Work item:
Omit every picture, then return the listing verbatim.

Dataset excerpt:
-- -- --

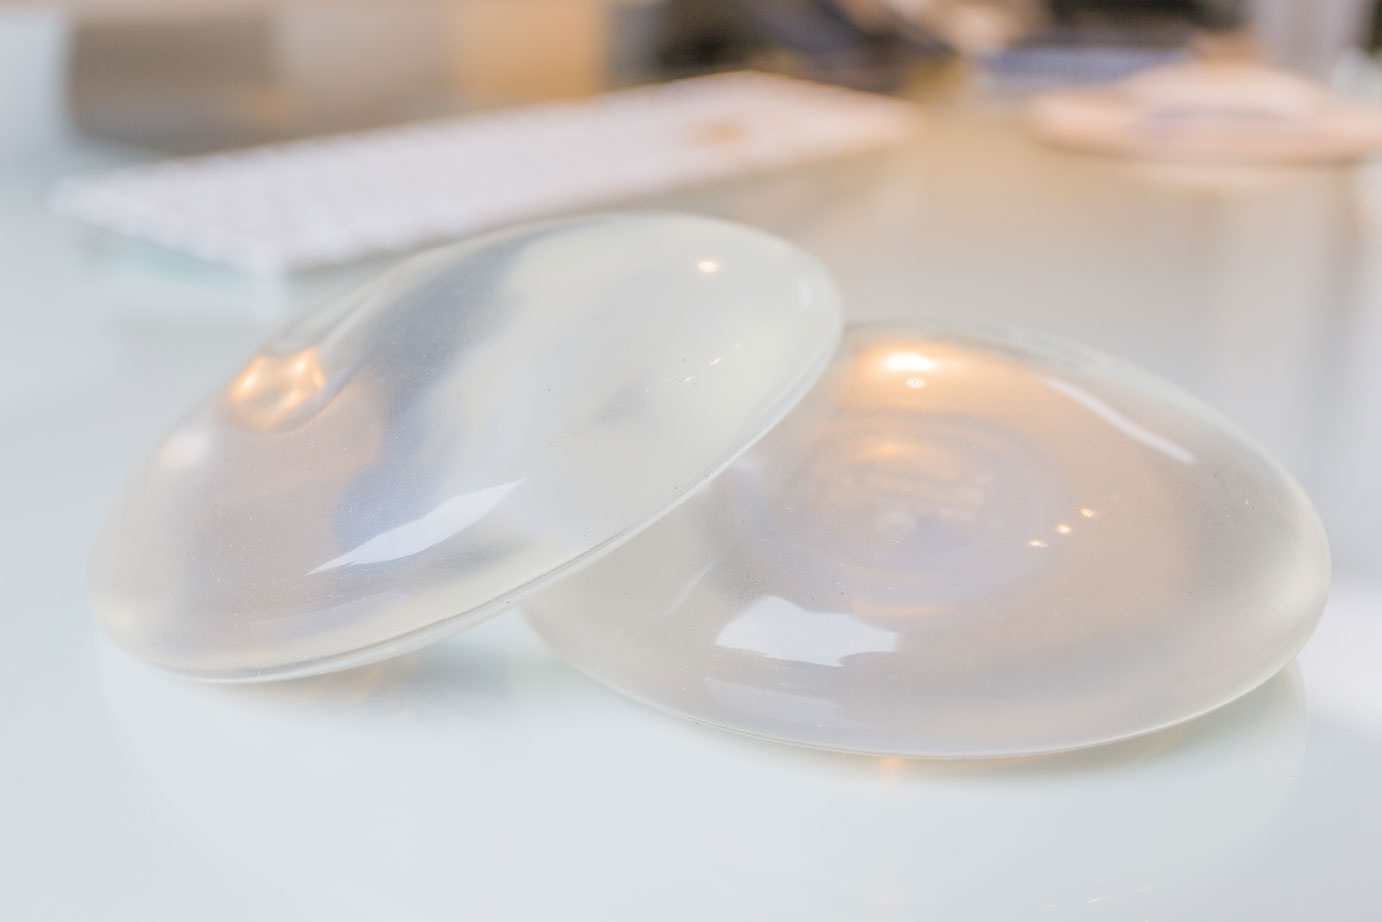 Breast Implants by Allergan Recalled for Link to Cancer
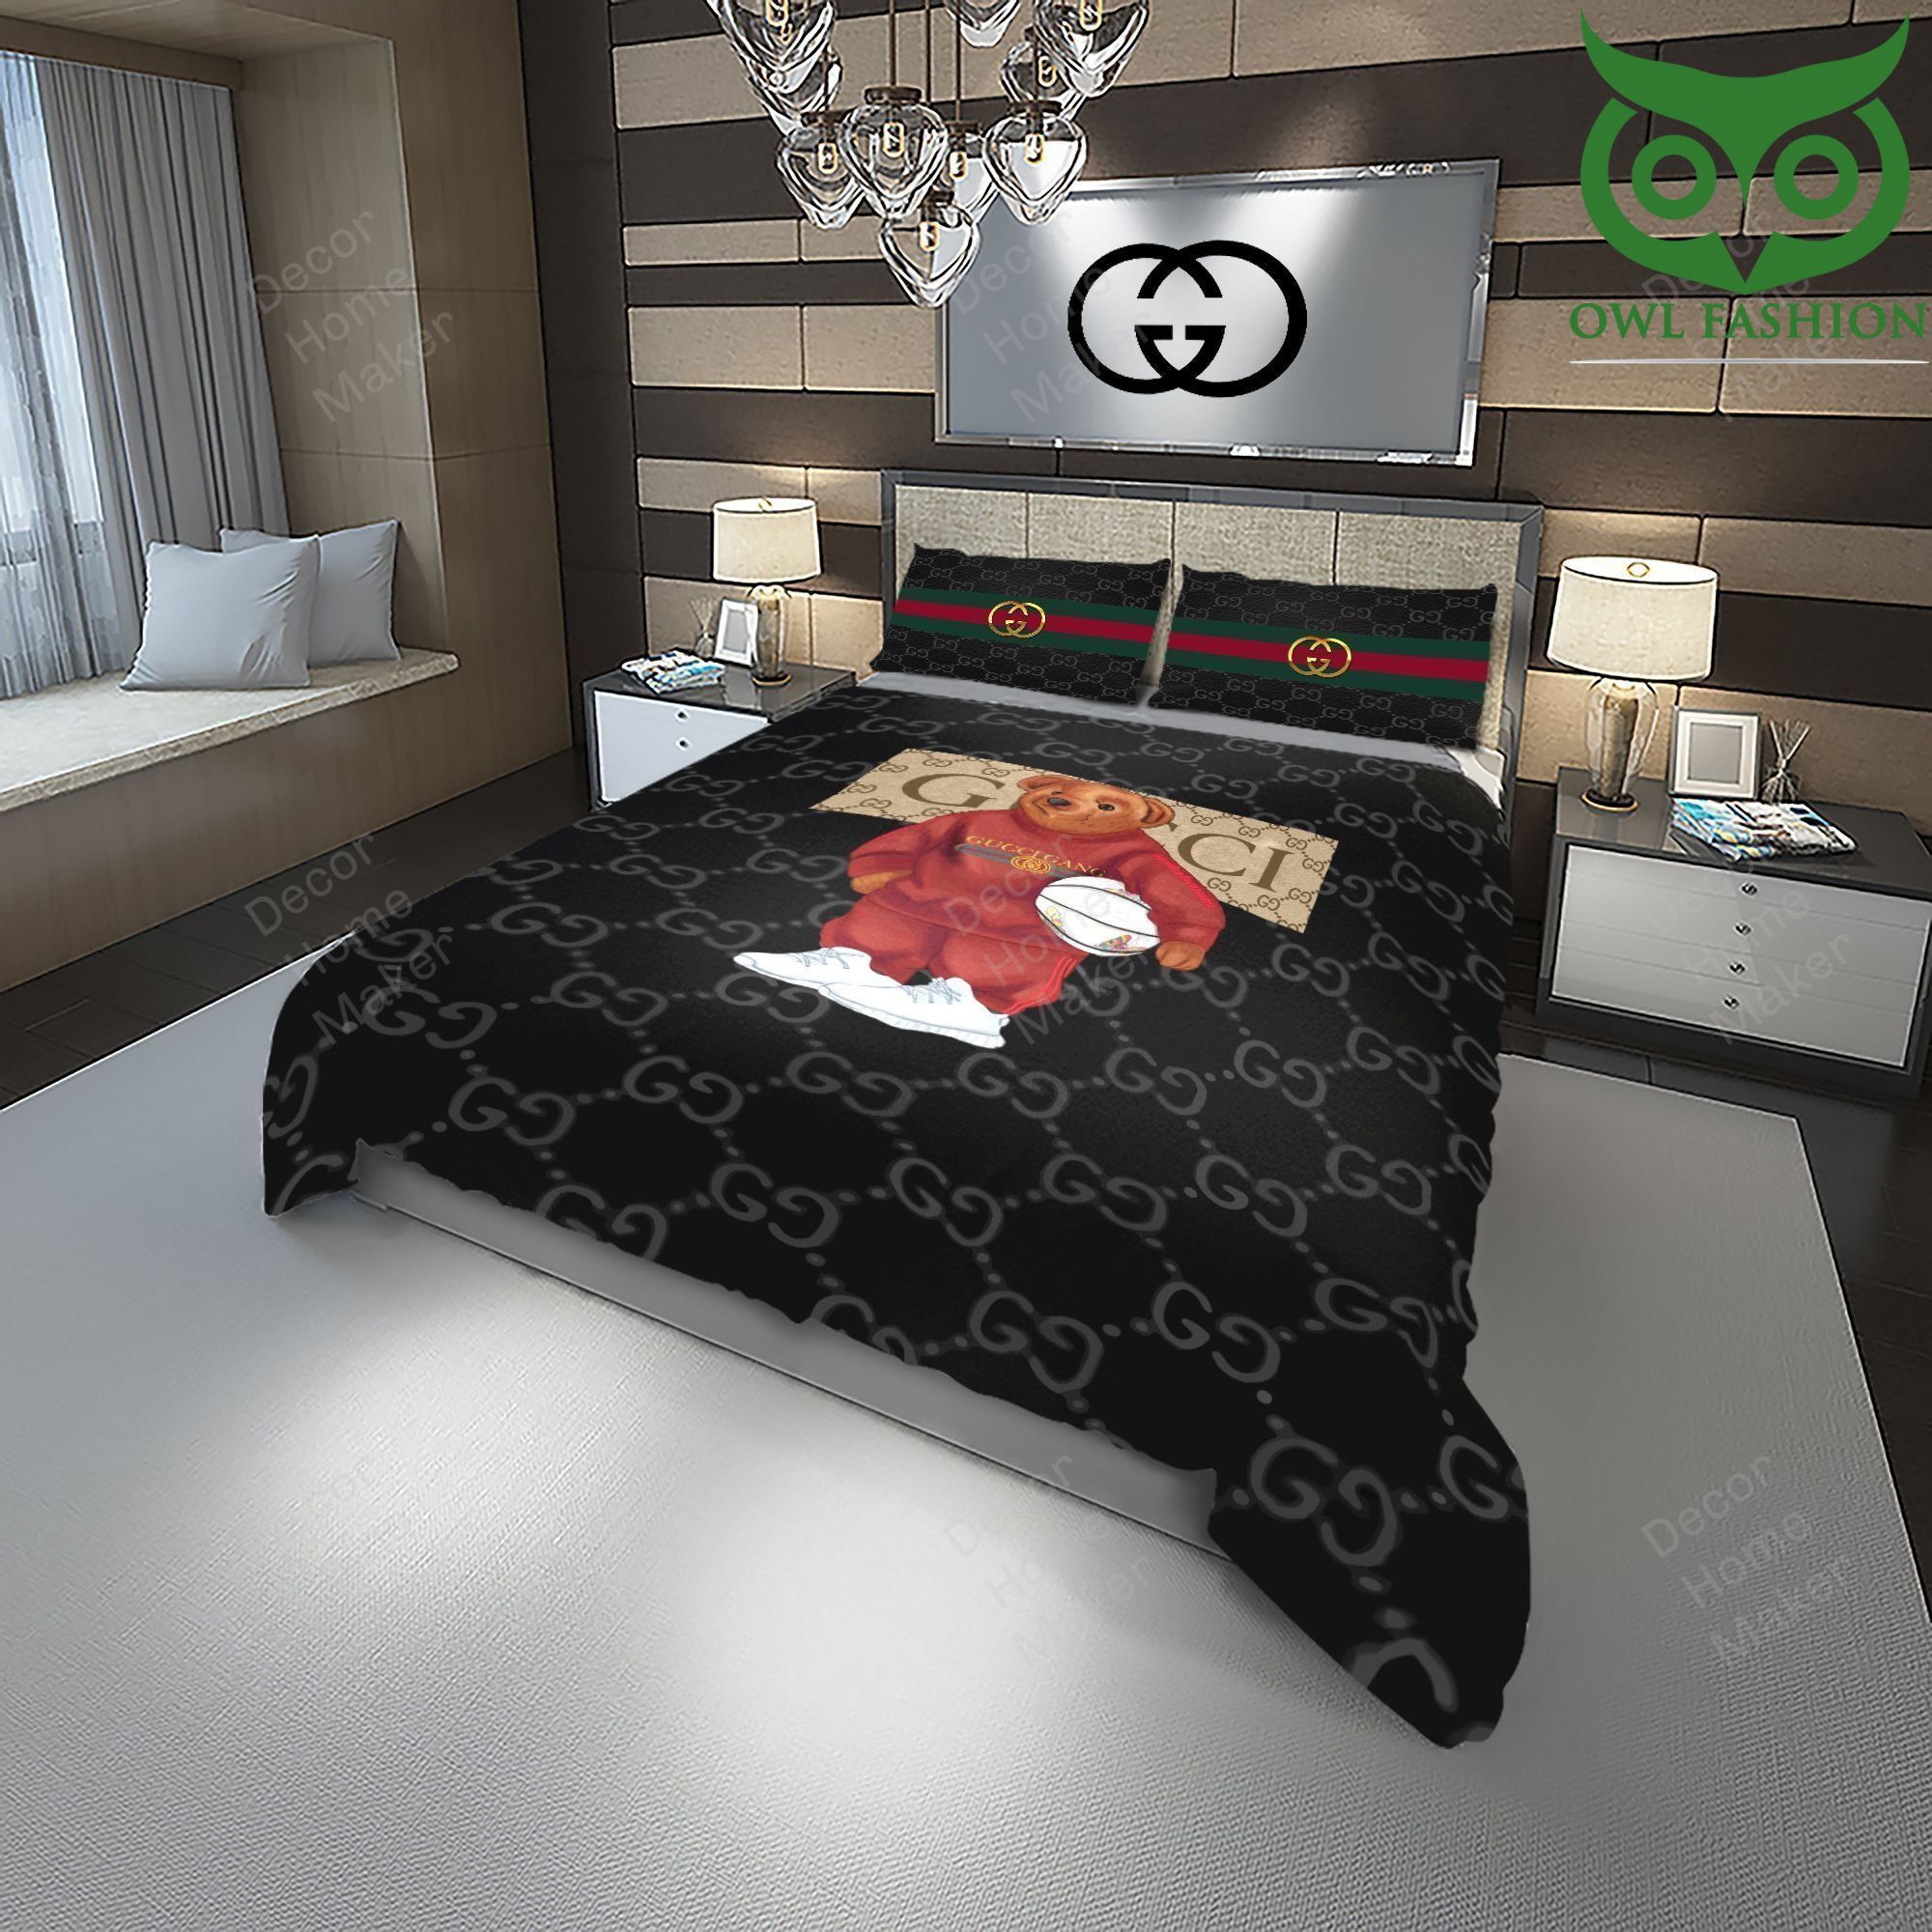 2 Gucci Bear wears red suit black bedding set
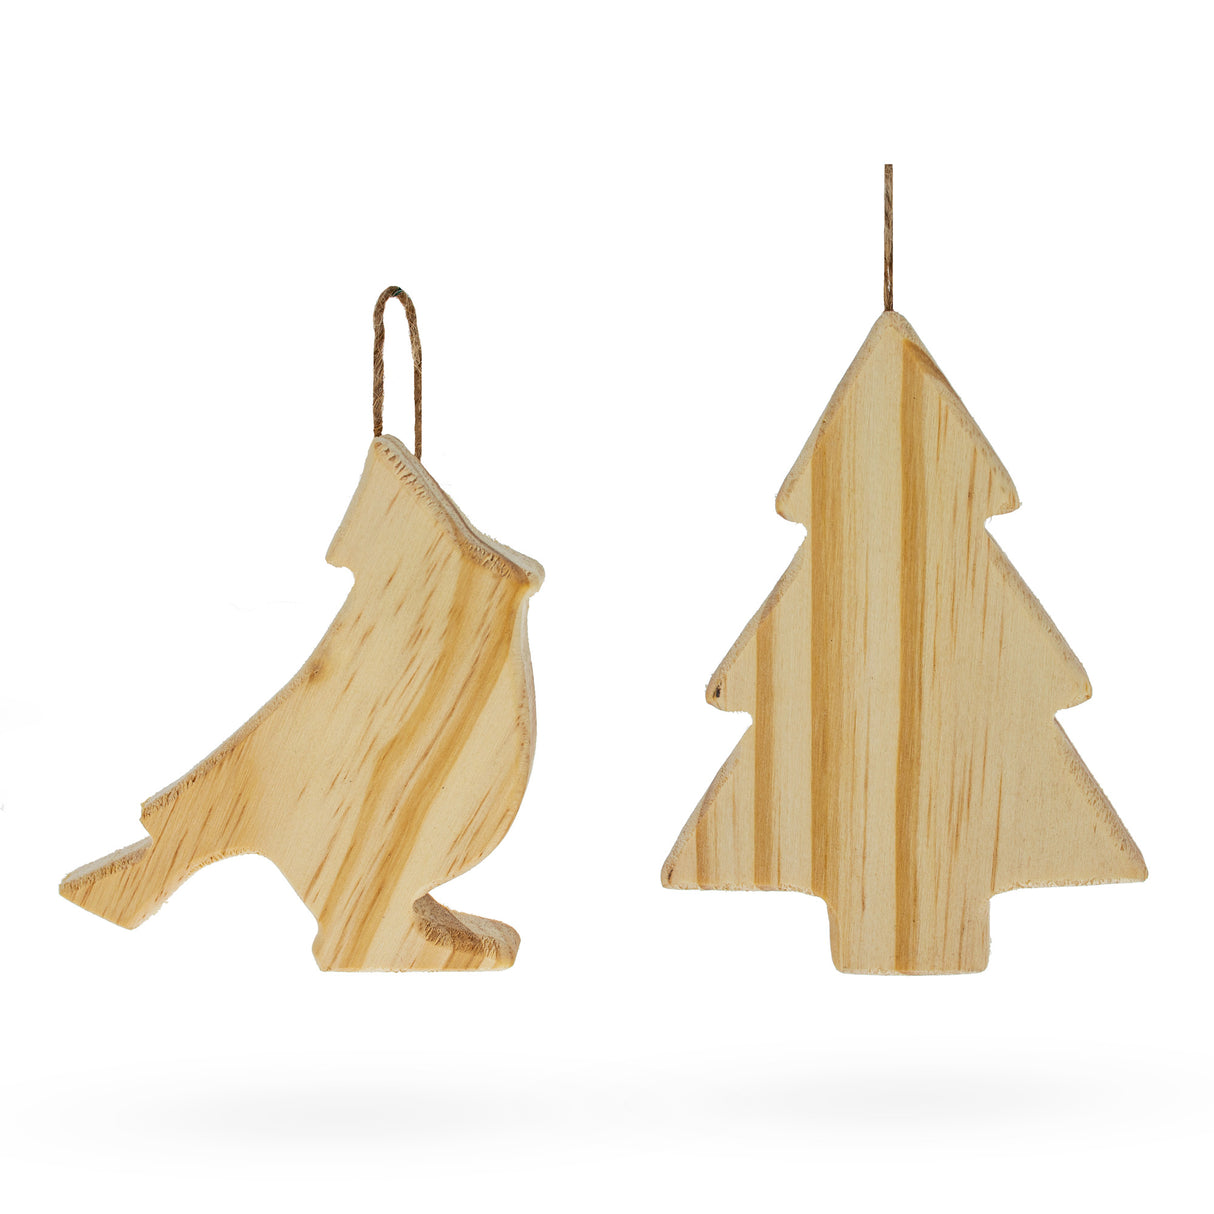 Set of 2 Unfinished Unpainted Wooden Bird and Christmas Tree Ornaments Cutouts DIY Craft 4.5 Inches in Beige color, Triangle shape

-- -- --

Answer to this exercise:
 Breast Implants by Allergan Recalled for Link to Cancer
 2 Gucci Bear wears red suit black bedding set
 Set of 2 Unfinished Unpainted Wooden Bird and Christmas Tree Ornaments Cutouts DIY Craft 4.5 Inches in Beige color, Triangle shape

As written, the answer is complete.